小胞体ストレス応答

私達の細胞が持っている驚異の復元力

森 和俊 MORI Kazutoshi
京都大学大学院理学研究科 教授

講義概要

生き物の基本単位は細胞で、その中に存在する最重要物質は、DNA(遺伝物質)とタンパク質(生命活動の担い手)です。生命活動の基本はDNA に書き込まれた暗号を解読してタンパク質を正しく作りつづけることと言っても過言ではありません。また、体内には多数の臓器が存在する様に、細胞の中には小さな臓器(細胞内小器官)が多数存在し、役割分担しています。小胞体は細胞内小器官の一つで、タンパク質の製造工場という役割を果たします。この工場はかなり優秀ですが、それでも時にうまく機能しなくなり、不良品タンパク質がいつも以上にできてしまうことがあります。この状態を小胞体ストレスと呼んでいます。この悪くなった状況を元に戻そうとする細胞の復元力(小胞体ストレス応答)の仕組みと意義をお話しします。

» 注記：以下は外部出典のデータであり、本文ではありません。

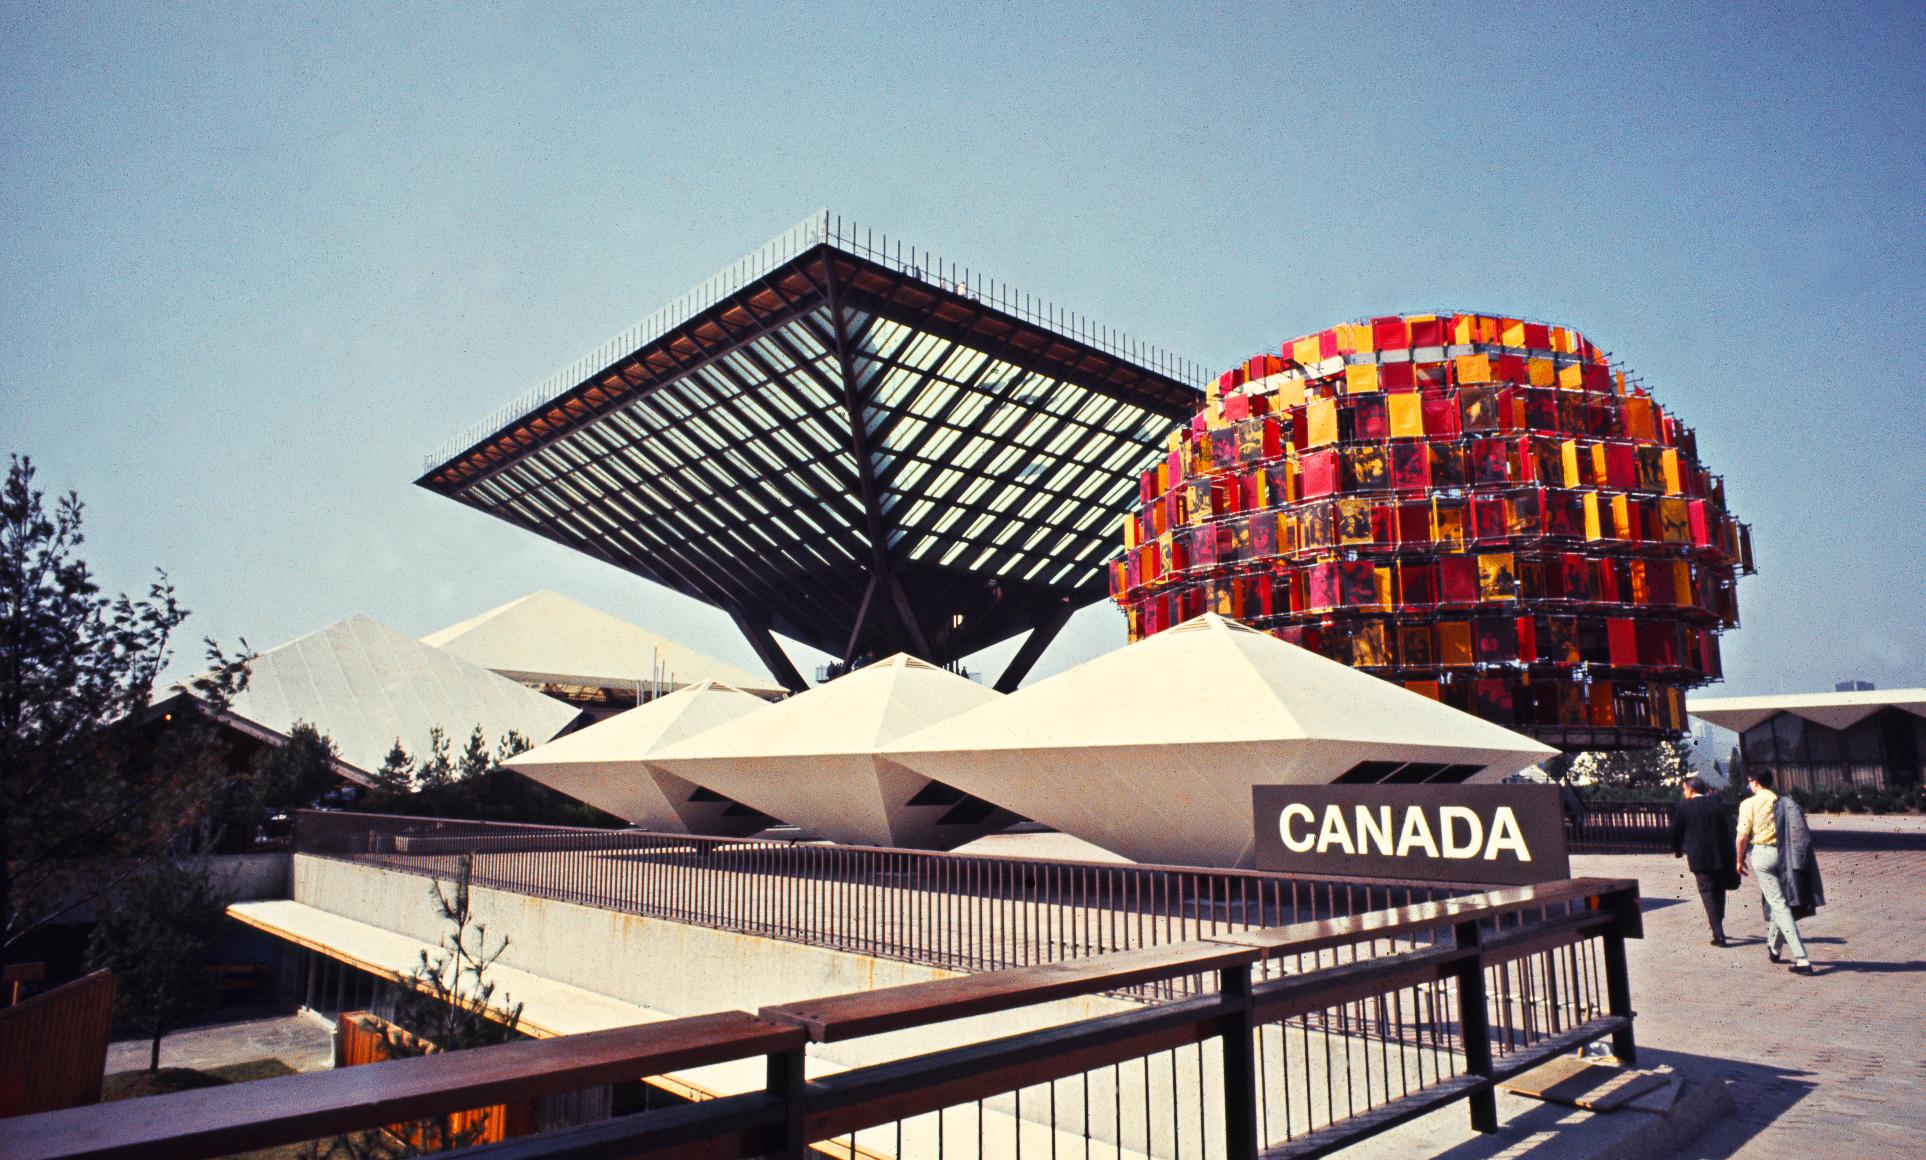 Pavillon du Canada (Katimavik et Arbre des Canadiens)

世の中をどのように変えるのか、どんなインパクトがあるのか

小胞体ストレス応答は、生命活動の担い手であるタンパク質の立体構造を保証することによって、様々な生命現象や生物進化を裏から支えていることが明らかになってきました。小胞体ストレス応答が働かないと私達は生まれてくることさえできません。小胞体ストレスもしくは小胞体ストレス応答が様々な病気の発症や進展に関与すると考えられています。糖尿病、アテローム性動脈硬化、パーキンソン病や筋萎縮性側索硬化症などの神経変性疾患、心不全や心筋症、肥満や代謝性疾患、炎症性腸炎、がんやウィルス感染等です。私達基礎研究者が解明した仕組みを使った創薬が始まっています。この応答は老化にも関与しており、健康寿命を延ばすことができるようになるかもしれません。

講師プロフィール

経歴

1958年岡山県倉敷市生まれ。1981年京都大学薬学部卒業。1983年京都大学大学院薬学研究科修士課程修了。1985年京都大学大学院薬学研究科博士課程退学。1987年京都大学薬学博士。1985年岐阜薬科大学助手、1989年米国テキサス大学博士研究員。1993年エイチ・エス・ピー研究所副主任研究員・主任研究員。1999年京都大学大学院生命科学研究科助教授。2003年より京都大学大学院理学研究科教授。
小胞体ストレス応答研究の開拓者として、2005年米国ワイリー賞、2006年日本生化学会柿内三郎記念賞、2008年大阪科学賞、2009年カナダガードナー国際賞、2010年紫綬褒章、2012年上原賞、2014年朝日賞、アルバート・ラスカー基礎医学研究賞、香港ショウ賞、2015年トムソン・ロイター引用栄誉賞、2016年恩賜賞・日本学士院賞、2017年ブレークスルー賞、2018年文化功労者、2019年安藤百福賞大賞。